6. Section 7(2) of the Redundancy Payments Act 1967, as amended by s. 4 of the Redundancy Payments Act 1971 and s.5 of the Redundancy Payments Act 2003, provides:-

      “(2) For the purposes of subsection (1), an employee who is dismissed shall be taken to be dismissed by reason of redundancy if for one or more reasons not related to the employee concerned the dismissal is attributable wholly or mainly to-

      (a) the fact that his employer has ceased, or intends to cease, to carry on the business for the purposes of which the employee was employed by him, or has ceased or intends to cease, to carry on that business in the place where the employee was so employed, or

      (b) the fact that the requirements of that business for employees to carry out work of a particular kind in the place where he was so employed have ceased or diminished or are expected to cease or diminish, or

      (c) the fact that his employer has decided to carry on the business with fewer or no employees, whether by requiring the work for which the employee had been employed (or had been doing before his dismissal) to be done by other employees or otherwise, or

      (d) the fact that his employer has decided that the work for which the employee had been employed (or had been doing before his dismissal) should henceforward be done in a different manner for which the employee is not sufficiently qualified or trained, or

      (e) the fact that his employer has decided that the work for which the employee had been employed (or had been doing before his dismissal) should henceforward be done by a person who is also capable of doing other work for which the employee is not sufficiently qualified or trained.”

7. Exceptions are provided for redundancy as a defence to a claim of unfair dismissal in s.2A of the Act of 1967. These are not relevant to this case, but encompass the protections that legislation has required in the case of collective redundancies, compulsory redundancy and dismissal for the purpose of re-engagement on less advantageous conditions. The comment on the nature of redundancy made in St. Leger v. Frontline Distributors Ireland Ltd., [1995] E.L.R. 160 at 161 to 162 by Dermot MacCarthy S.C., as chairman of the Employment Appeals Tribunal, is apposite:-
      “Impersonality runs throughout the five definitions in the Act. Redundancy impacts on the job and only as a consequence of the redundancy does the person involved lose his job. It is worthy of note that the E.C. Directive on Collective Redundancies uses a shorter and simpler definition: ‘one or more reasons not related to the individual workers concerned’.

      Change also runs through all five definitions. This means change in the workplace. The most dramatic change of all is a complete close down. Change may also mean a reduction in needs for employees, or a reduction in numbers. Definition (d) and (e) involve change in the way the work is done or some other form of change in the nature of the job. Under these two definitions change in the job must mean qualitative change. Definition (e) must involve, partly at least, work of a different kind, and that is the only meaning we can put on the words ‘other work’. More work or less work of the same kind does not mean ‘other work’ and is only quantitative change.”

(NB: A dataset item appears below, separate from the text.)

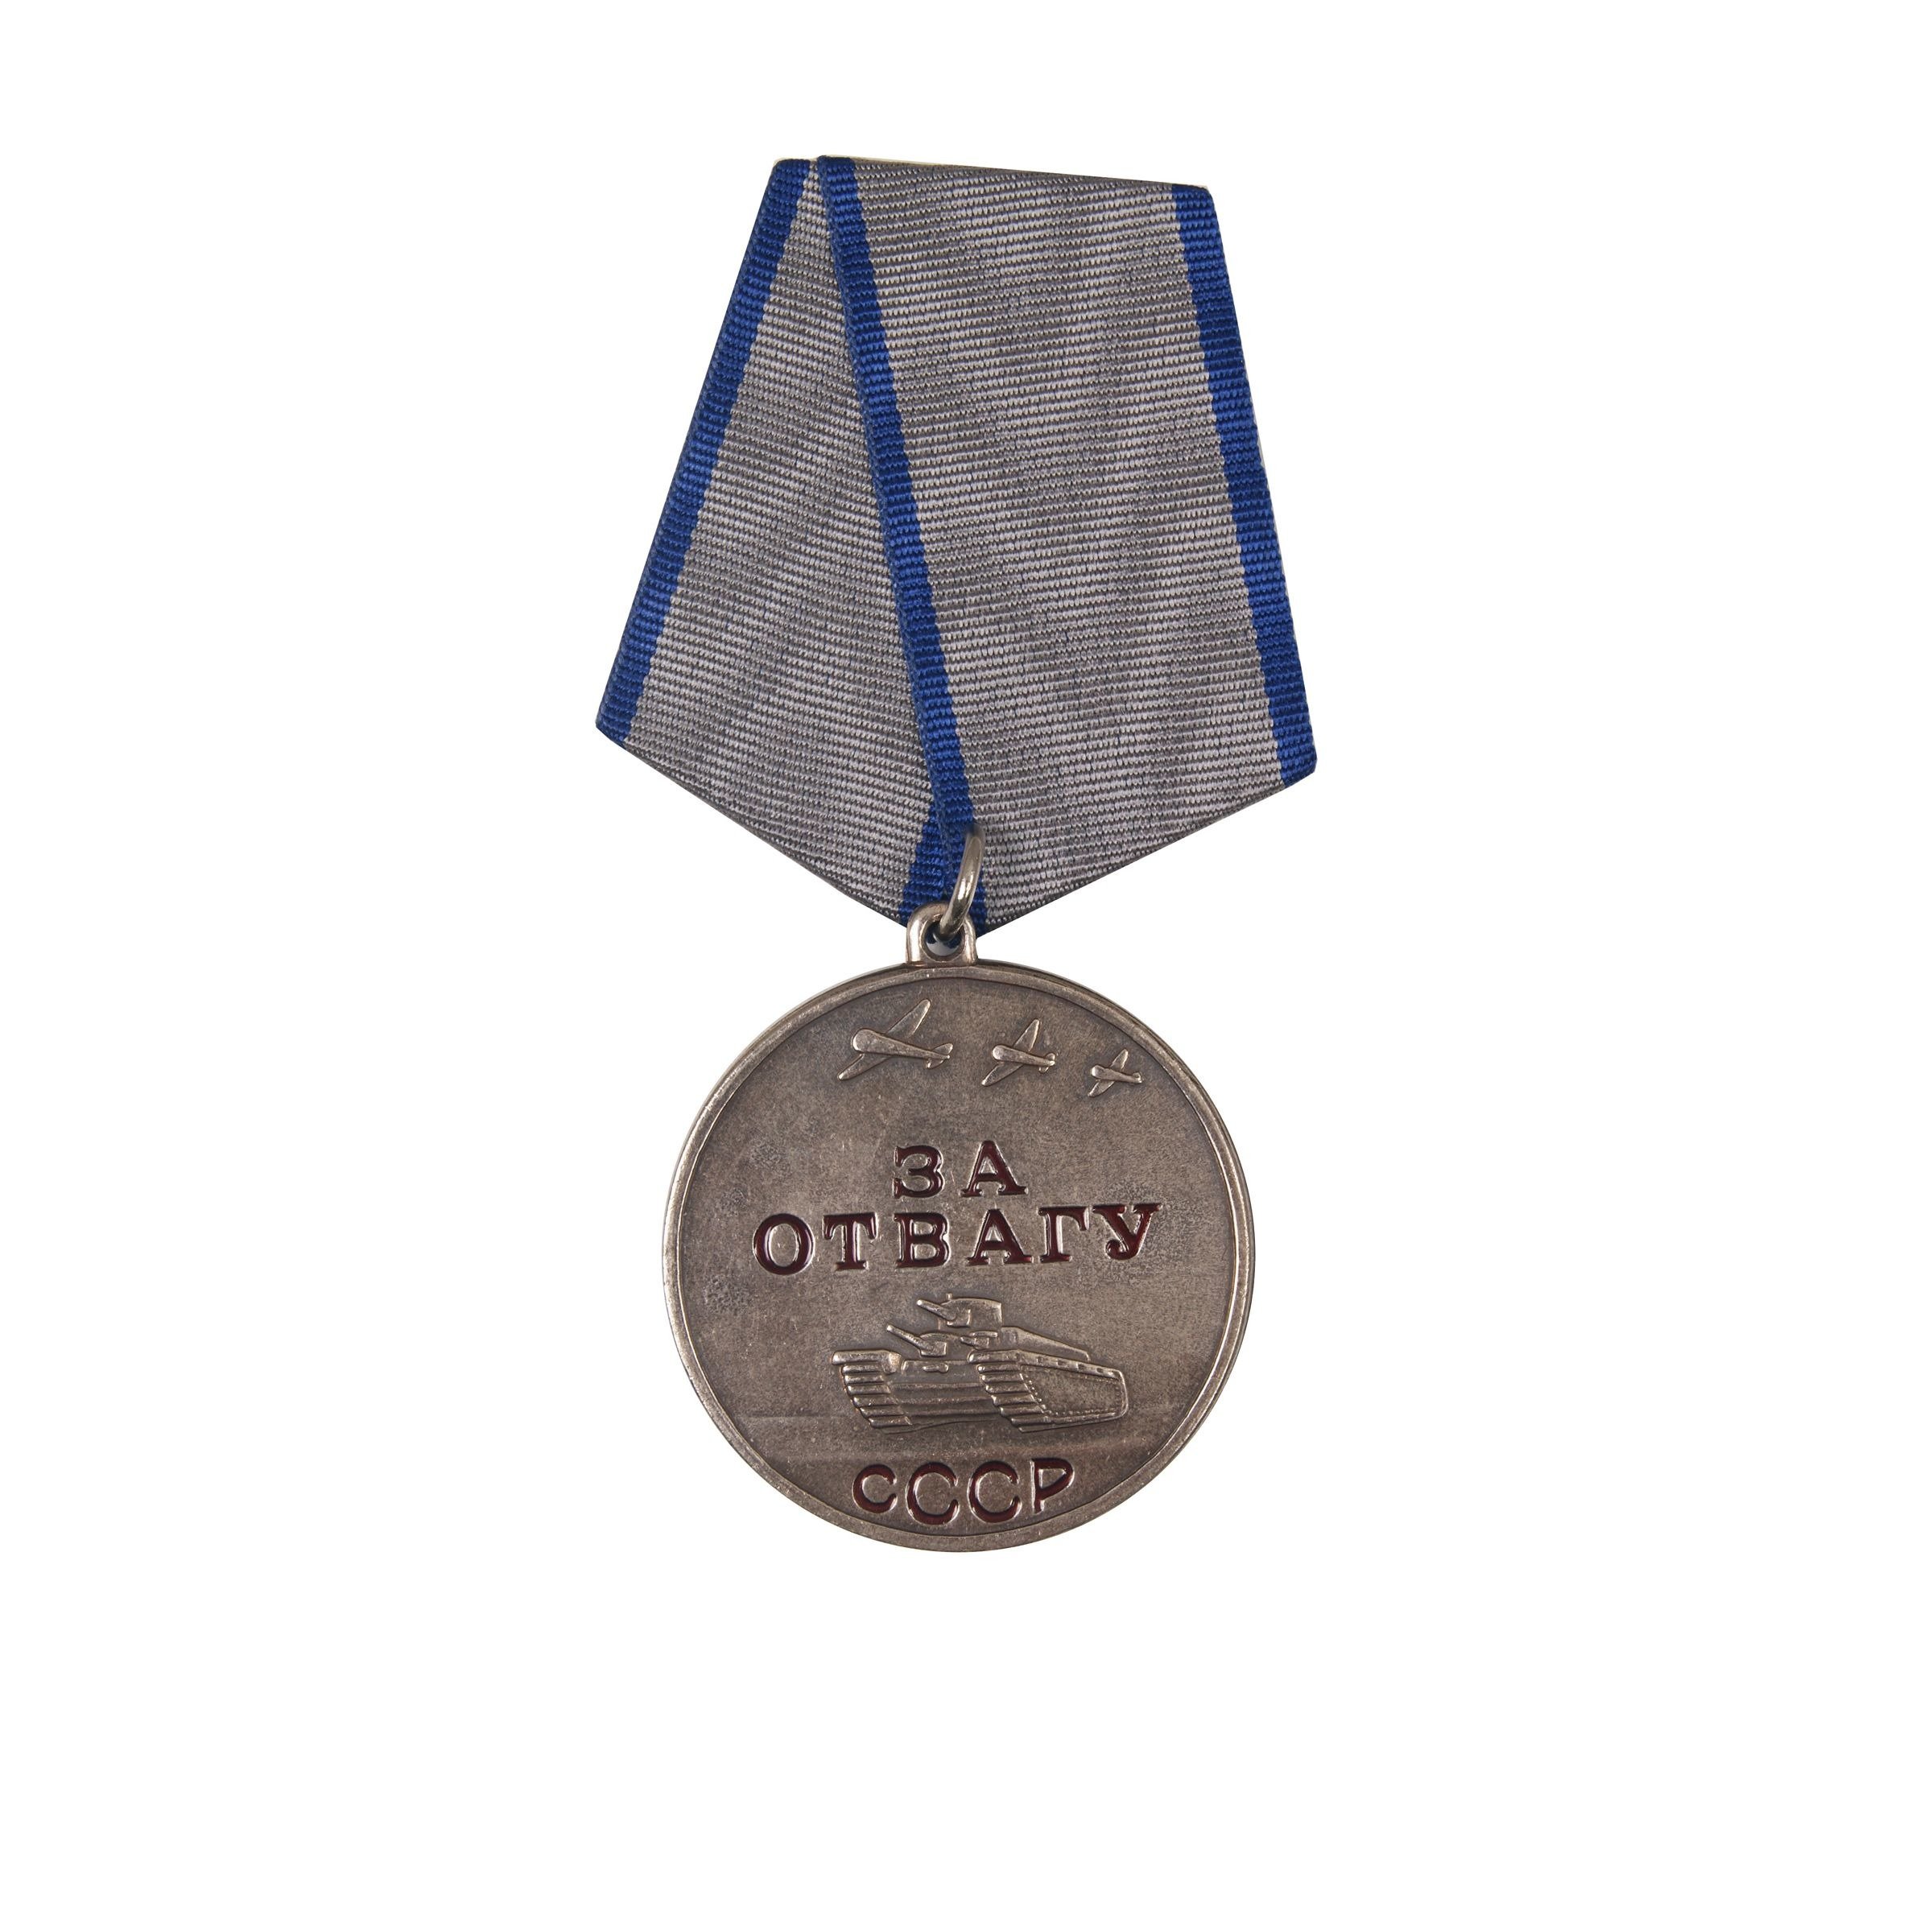 За отвагу что положено. Медаль за отвагу СССР. Медаль за отвагу 1943. 2 Медали за отвагу ВОВ. Награда медаль за отвагу.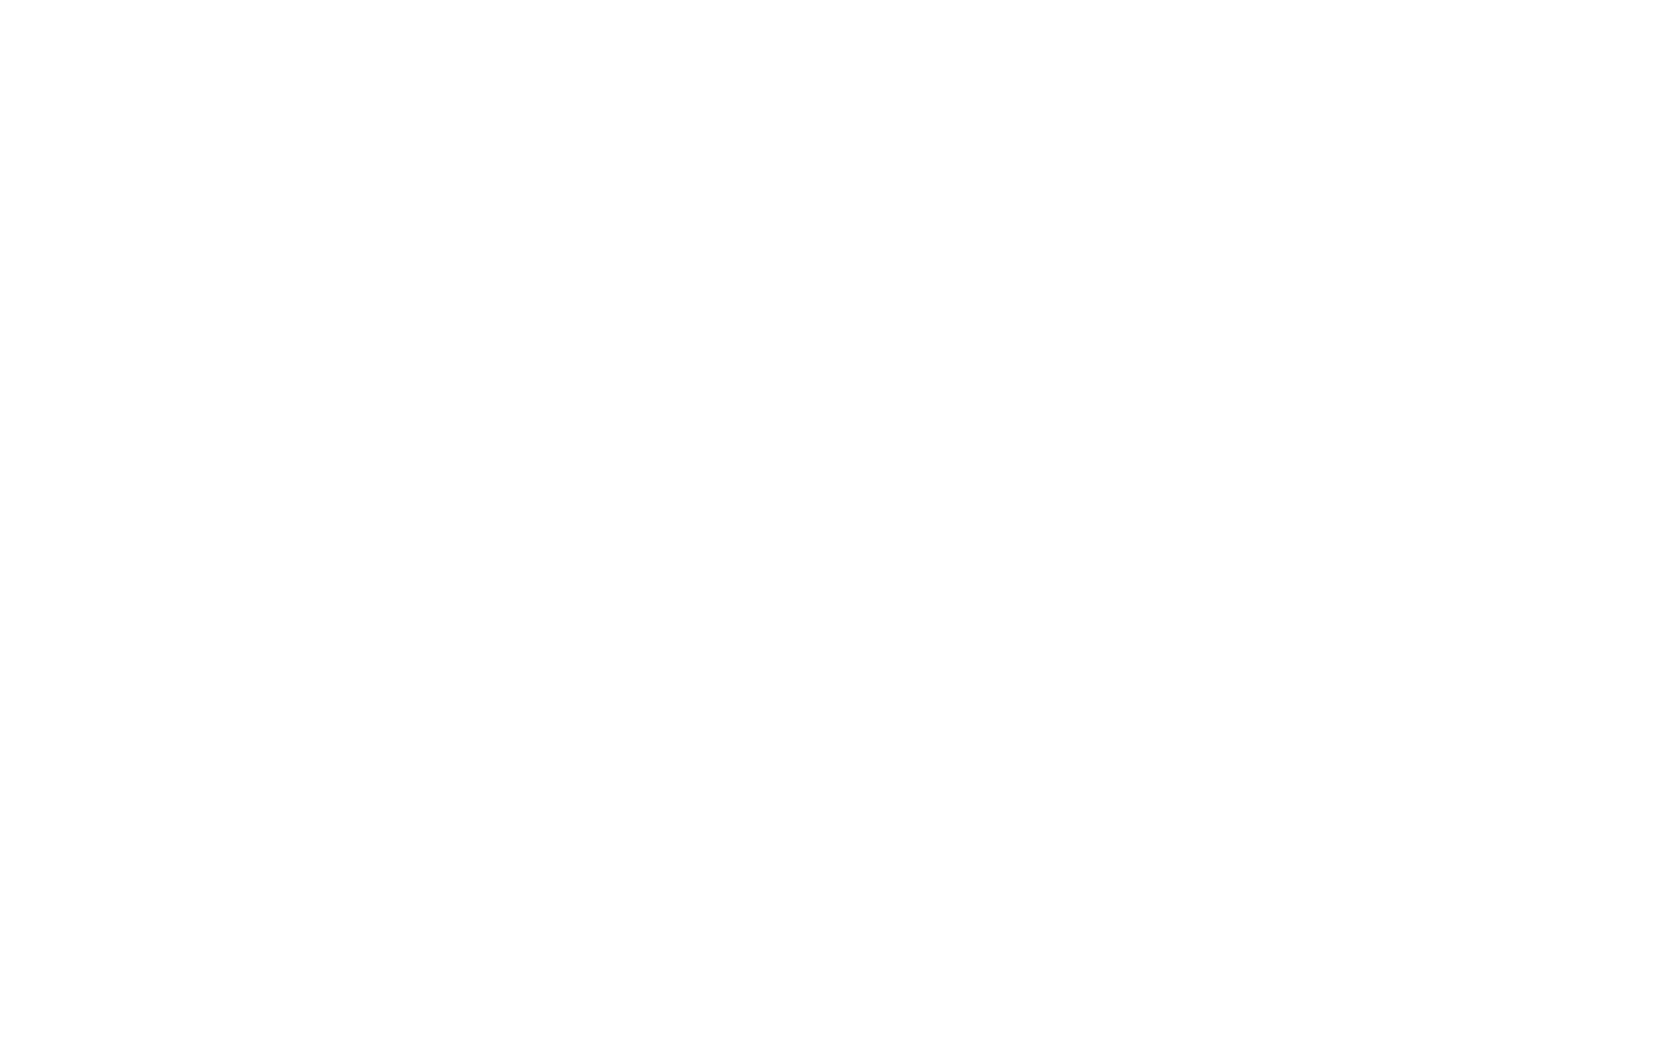 Торцевая заглушка Flexy TOREC LINE 50 W для профилей Flexy: размер, вид, применение, способ монтажа в Беларуси (РБ)

8. It may be prudent, and a mark of a genuine redundancy, that alternatives to letting an employee go should be examined. However, that does not arise for decision in this case. Similarly, a fair selection procedure may indicate an honest approach to redundancy by an employer, but I do not wish to comment on matters which are outside the competence of the decision to be made in this case: see Stewart and Dunleavy, Compensation on Dismissal – Employment Law and Practice, (Dublin, 2007) at paragraph. 19.8.6. As a matter of contract, where selection procedures for redundancy, or a consultation process to seek to discover alternatives to redundancy, are laid down in the conditions of employment of an employee, whether by collective agreement or individual employment contract, these should be followed. Following what is on the surface a fair procedure does not necessarily demonstrate that the decision maker is taking an honest approach to a decision. As with much else, an apparently fair procedure can be used as a cloak for deceptive conduct. It may be followed in form only so as to mask an ulterior motive or with no intention of fulfilling its purpose, even should the best of reasons for not proceeding to redundancy arise during its course.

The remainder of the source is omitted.